## What is needed
Without including any images, repeat the data exactly.

## Supplied data
──────────

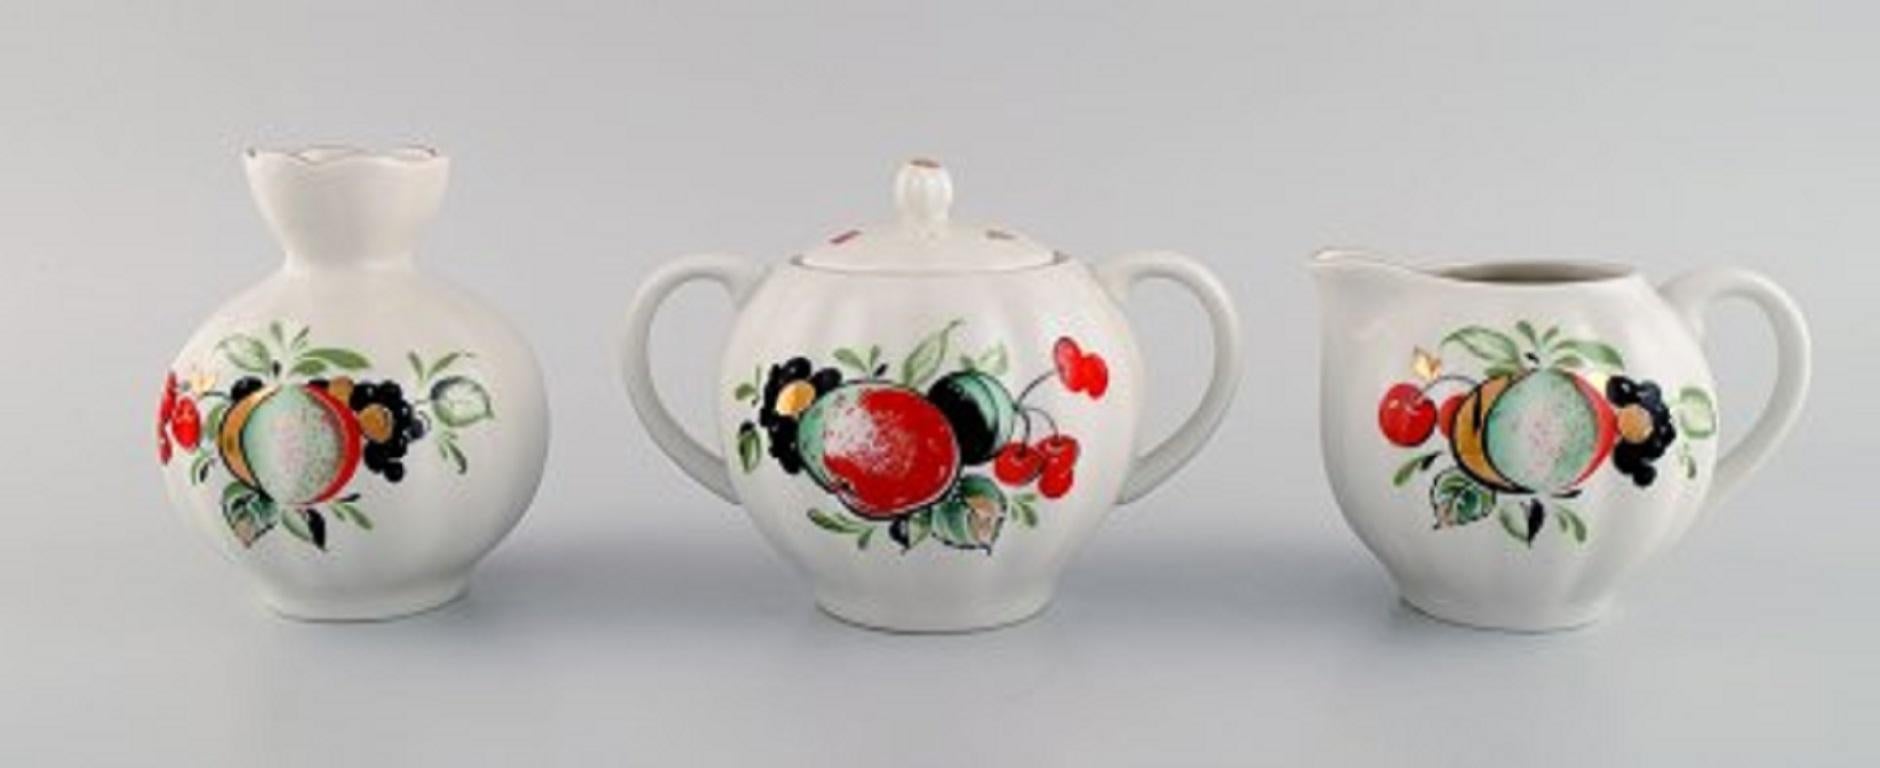 The Imperial Lomonosov Porcelain Factory, Soviet Union. Large tea service in hand-painted porcelain for six people. Mid-20th century.
Consisting of six teacups with saucers, six plates, sugar/cream set, teapot, large dish, compote and vase.
The

──────────

## Task answer
 The Imperial Lomonosov Porcelain Factory, Soviet Union. Large tea service in hand-painted porcelain for six people. Mid-20th century.
Consisting of six teacups with saucers, six plates, sugar/cream set, teapot, large dish, compote and vase.
The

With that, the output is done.